SRM: So fascinating… What publications would you recommend, in order to have an accessible in-depth information about this spellbinding subject?

DR. RICHARD MASSEY: Two really great books have been published about this in recent years. A very approachable (and amusingly illustrated) tour of current mysteries in cosmology is A User’s Guide to the Universe, by Dave Goldberg and Jeff Blomquist.

A more in-depth discussion of the hunt for dark matter and dark energy is provided by Einstein’s Telescope: the Hunt for Dark Matter and Dark Energy in the Universe, by Evalyn Gates.

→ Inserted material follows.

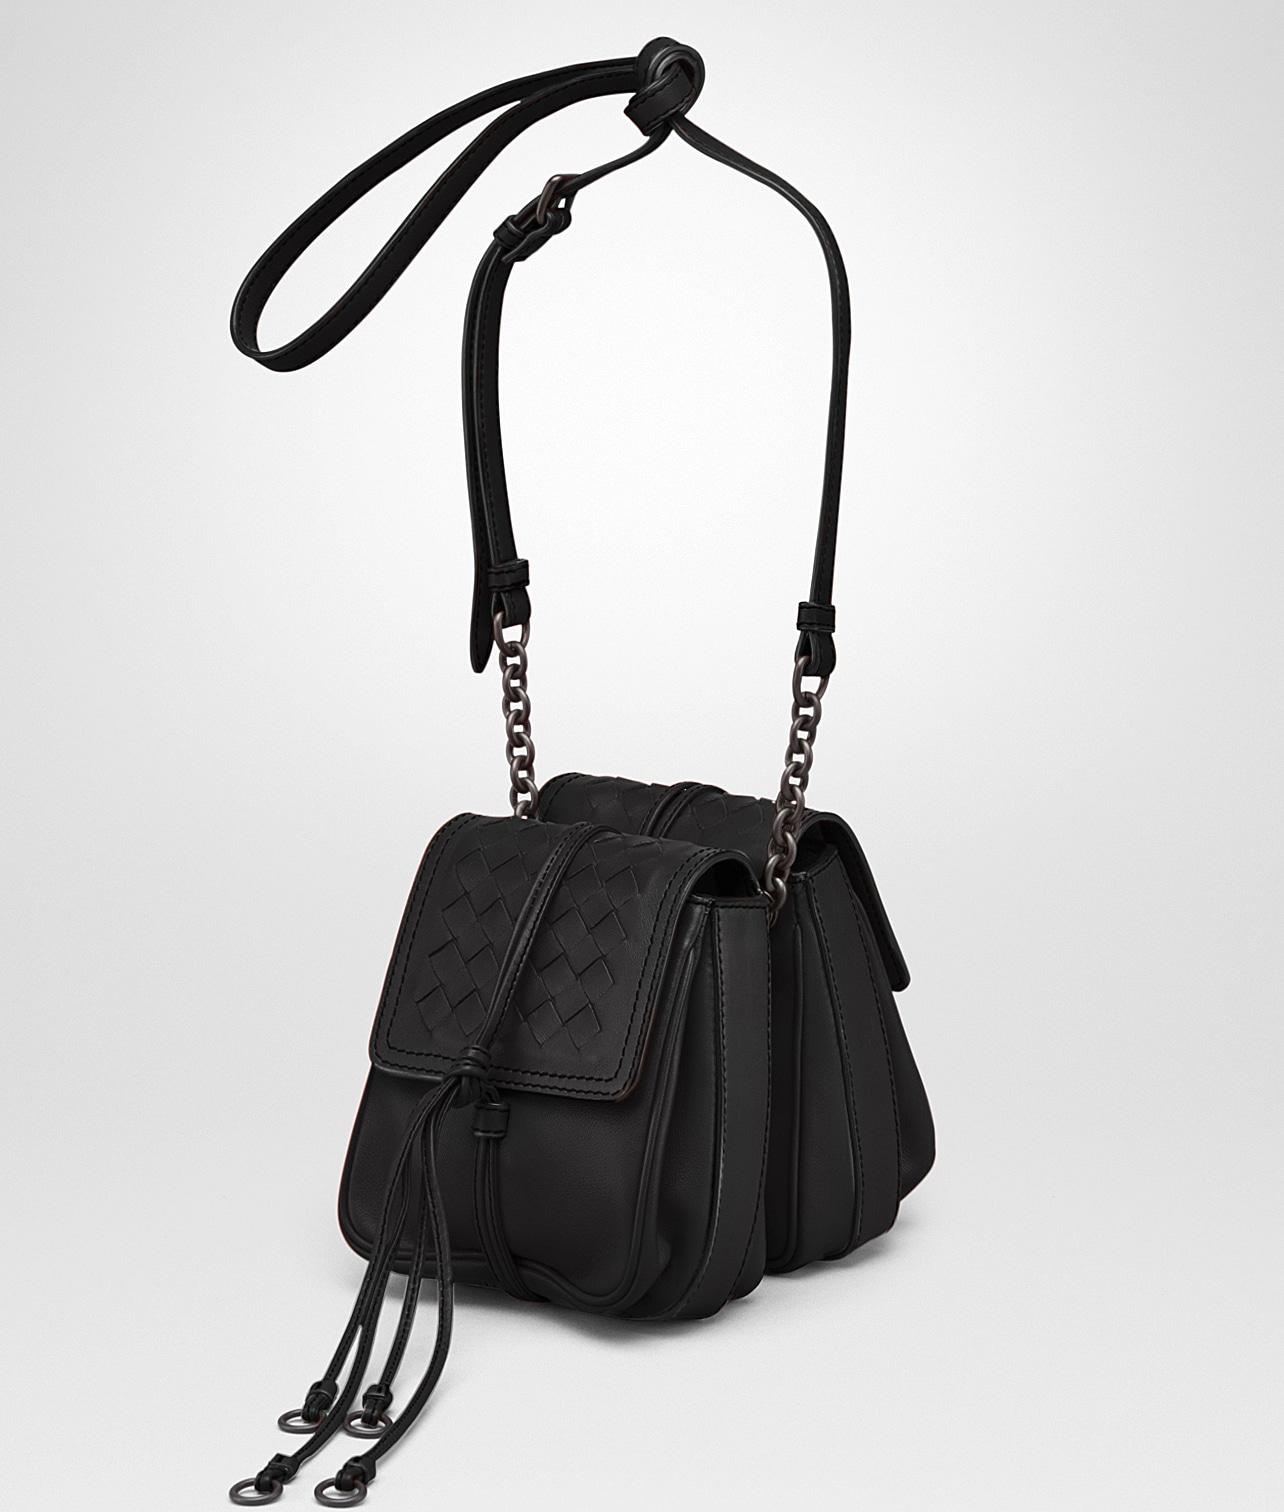 Intrecciato Leather Shoulder Bag - Black Bottega Veneta lWwTk4
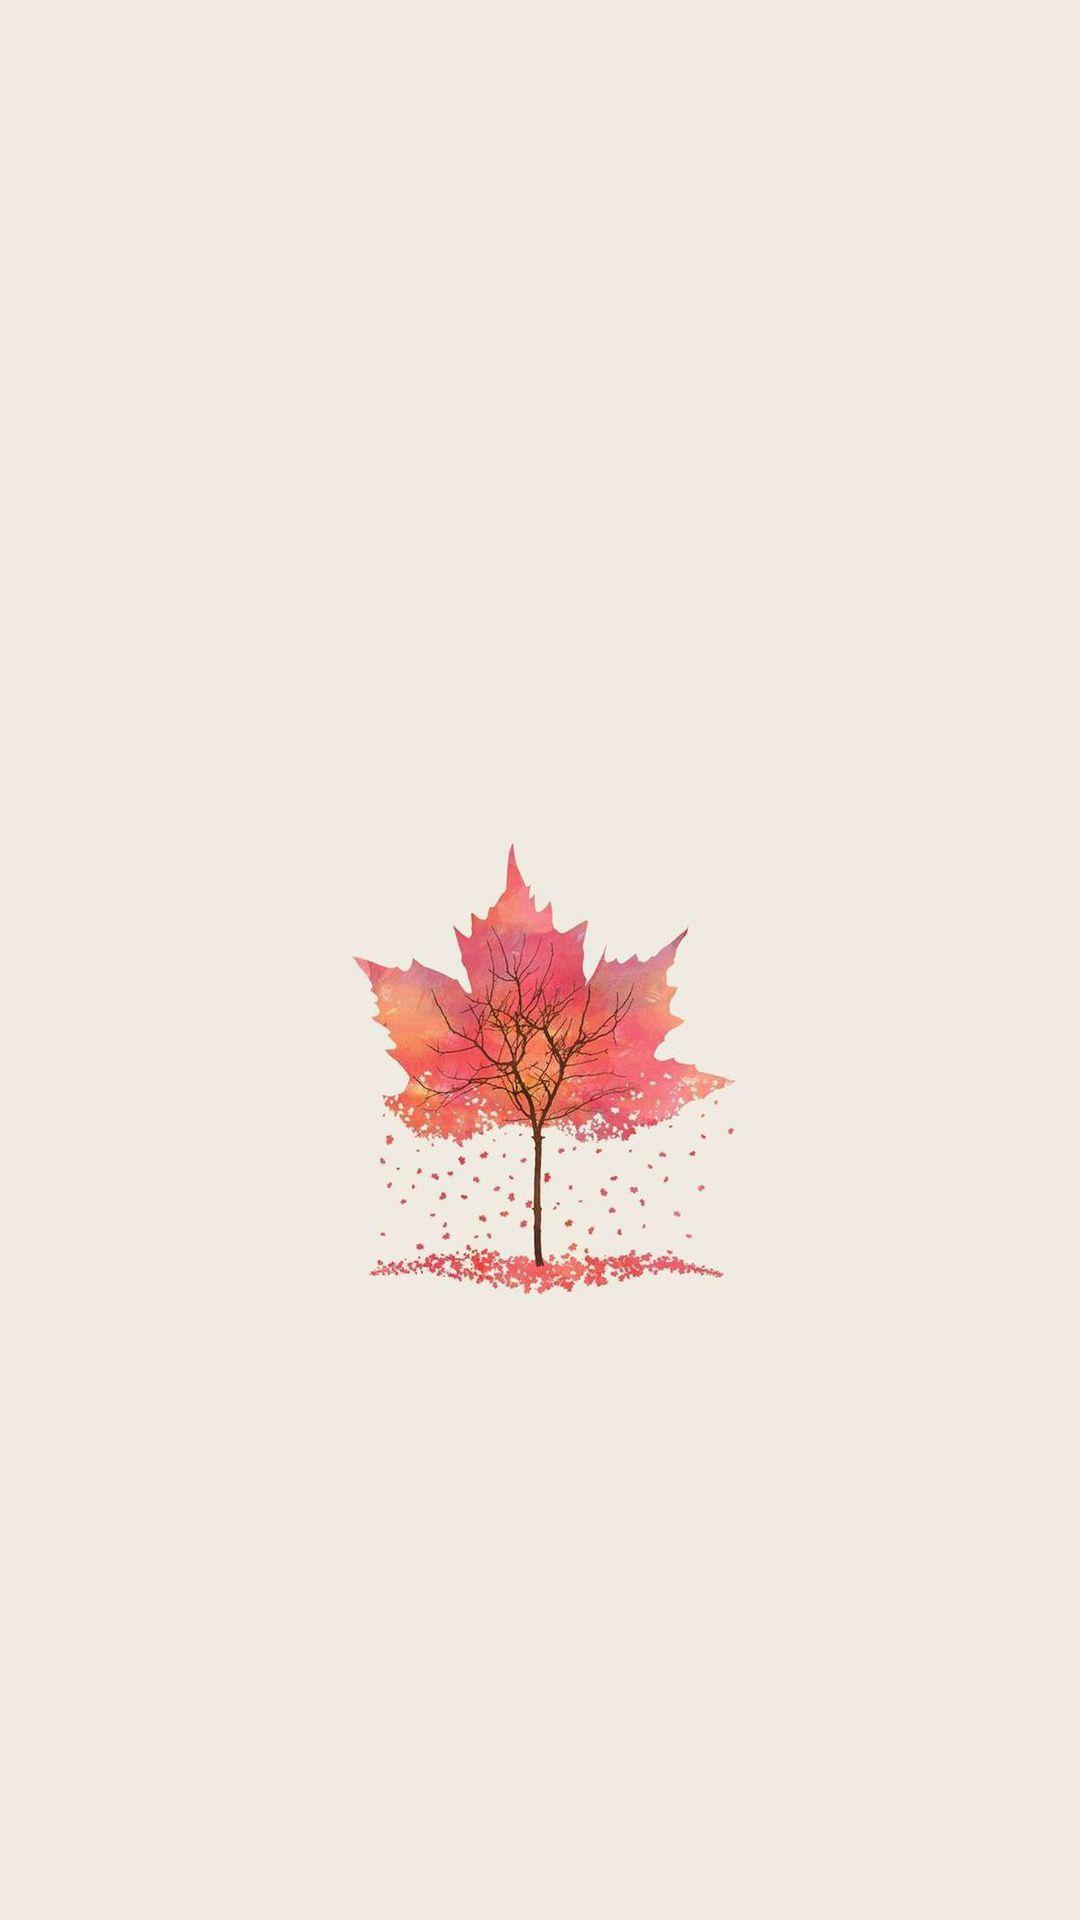 Autumn Minimal Wallpapers - Wallpaper Cave

SRM: Dr. Massey, what is your personal perception about the mysterious composition/purpose of dark energy? Does the gap between the scientific and the spiritual/mystical narrow at this point?

DR. RICHARD MASSEY: Dark energy is an ethereal force that governs the fate of the Universe, and it is mysterious in the sense that we do not understand it. But we have quantitative, reproducible evidence that it exists, and measurements of its behaviour. In a hundred years, it will be just a page in a text book.

The gulf between science and spiritualism is drawn wider by their responses to mystery. Astronomers may occasionally borrow religious terminology to convey the awe we feel in studying the cosmos, but the scientific method is grounded in more than an expression of feeling. Science is uniquely equipped to ask questions, and its constant self evaluation continues to deliver worthwhile progress (even Einstein isn’t safe). Meanwhile, astrology is trapped ever further behind, in the medieval idiocy that stars care about our love lives. Sorry, but neither stars nor dark energy have a purpose – let alone a purpose for us. The humbling realisation we have obtained from dark matter and dark energy is that 95% of the Universe is unaware we even exist.

SRM: This was brilliant. Again, thank you very much for your time.